Efficient and Effective Object Detection and Recognition: from Convolutions to Transformers


Student Name: Tianxiao Zhang
Defense Date:
Location: Eaton Hall, Room 2001B
Chair: Bo Luo

Prasad Kulkarni

Fengjun Li

Cuncong Zhong

Guanghui Wang

Huazhen Fang

Abstract:

With the development of Convolutional Neural Networks (CNNs), computer vision has entered a new era, significantly enhancing the performance of tasks such as image classification, object detection, segmentation, and recognition. Furthermore, the introduction of Transformer architectures has brought the attention mechanism and a global perspective to computer vision, advancing the field to a new level. The inductive bias inherent in CNNs makes convolutional models particularly well-suited for processing images and videos. On the other hand, the attention mechanism in Transformer models allows them to capture global relationships between tokens. While Transformers often require more data and longer training periods compared to their convolutional counterparts, they have the potential to achieve comparable or even superior performance when the constraints of data availability and training time are mitigated.

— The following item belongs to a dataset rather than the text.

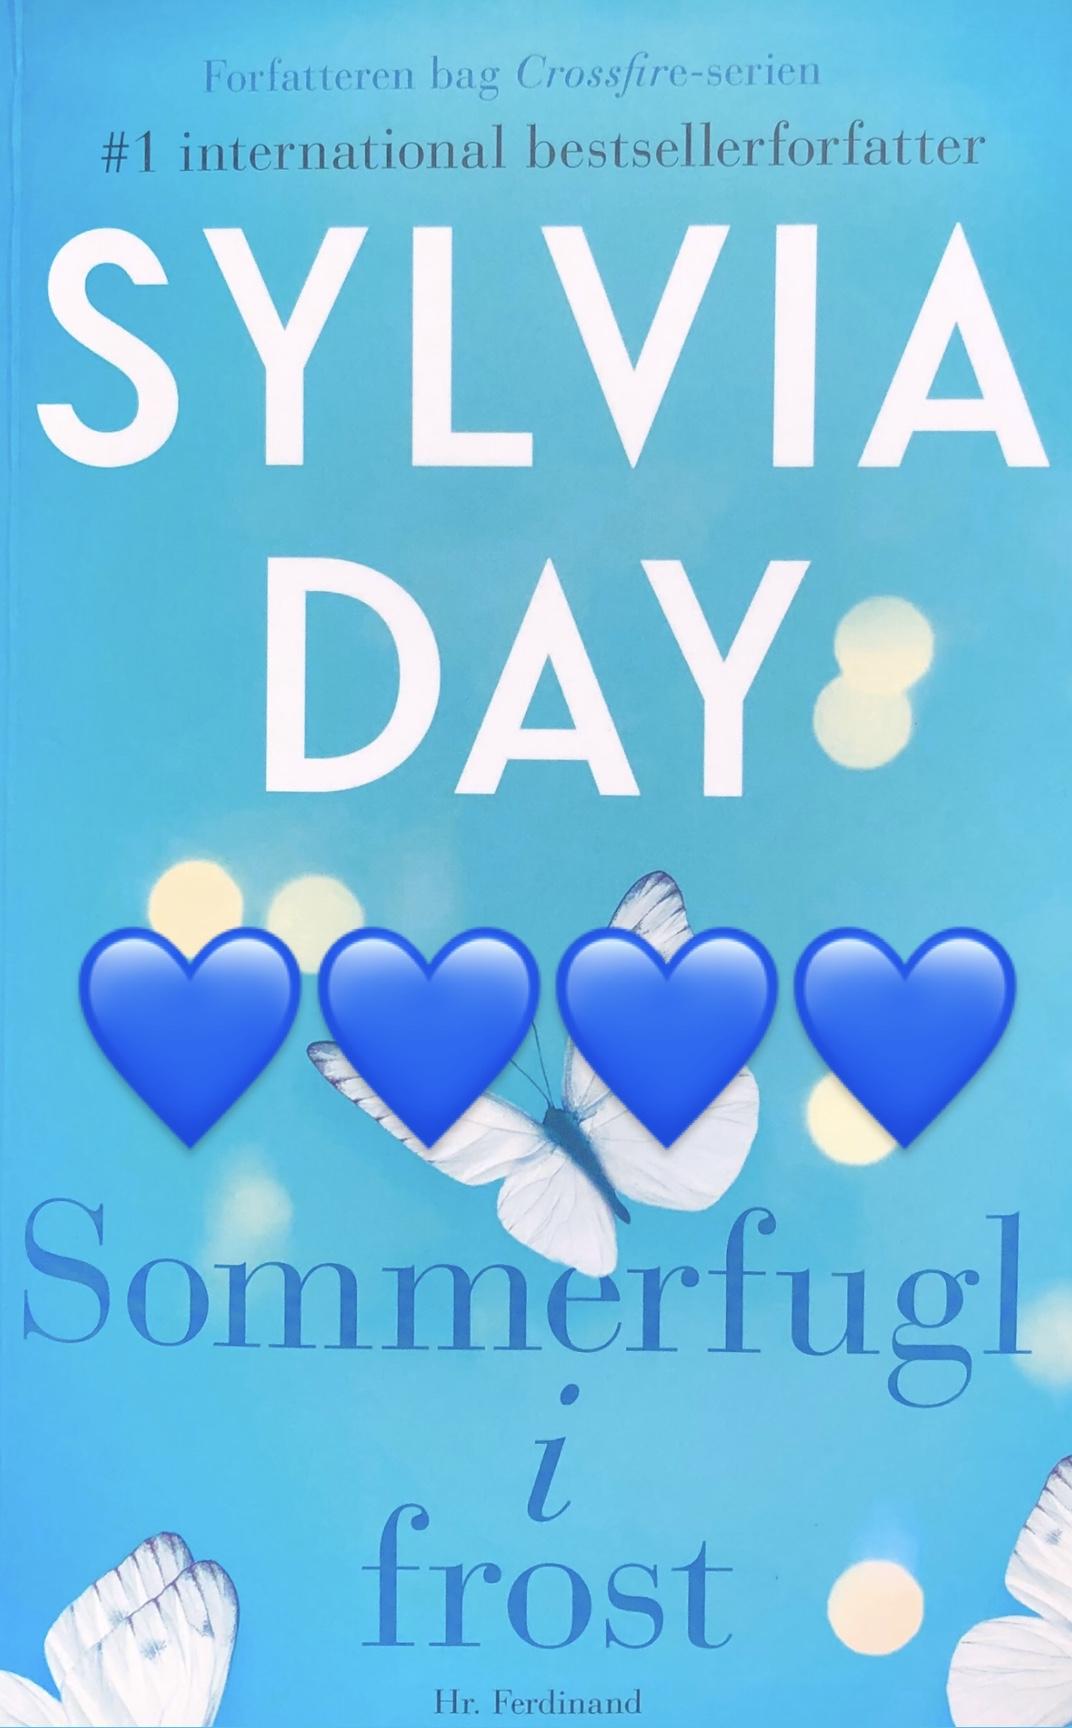 anmeldelse, boganmeldelse, anmeldelse af Sommerfugl i Frost, Sylvia Day, Hr. ferdinand, kærlighed, krummeskrummelurer, Krummes Krummelurer, krummeskrummelurer.dk, anmeldereksemplar,

In this work, we propose more efficient and effective CNNs and Transformers to increase the performance of object detection and recognition. (1) A novel approach is proposed for real-time detection and tracking of small golf balls by combining object detection with the Kalman filter. Several classical object detection models were implemented and compared in terms of detection precision and speed. (2) To address the domain shift problem in object detection, we employ generative adversarial networks (GANs) to generate images from different domains. The original RGB images are concatenated with the corresponding GAN-generated images to form a 6-channel representation, improving model performance across domains. (3) A dynamic strategy for improving label assignment in modern object detection models is proposed. Rather than relying on fixed or statistics-based adaptive thresholds, a dynamic paradigm is introduced to define positive and negative samples. This allows more high-quality samples to be selected as positives, reducing the gap between classification and IoU scores and producing more accurate bounding boxes. (4) An efficient hybrid architecture combining Vision Transformers and convolutional layers is introduced for object recognition, particularly for small datasets. Lightweight depth-wise convolution modules bypass the entire Transformer block to capture local details that the Transformer backbone might overlook. The majority of the computations and parameters remain within the Transformer architecture, resulting in significantly improved performance with minimal overhead. (5) An innovative Multi-Overlapped-Head Self-Attention mechanism is introduced to enhance information exchange between heads in the Multi-Head Self-Attention mechanism of Vision Transformers. By overlapping adjacent heads during self-attention computation, information can flow between heads, leading to further improvements in vision recognition.

Degree: PhD Dissertation Defense (EE)
Degree Type: PhD Dissertation Defense
Degree Field: Electrical Engineering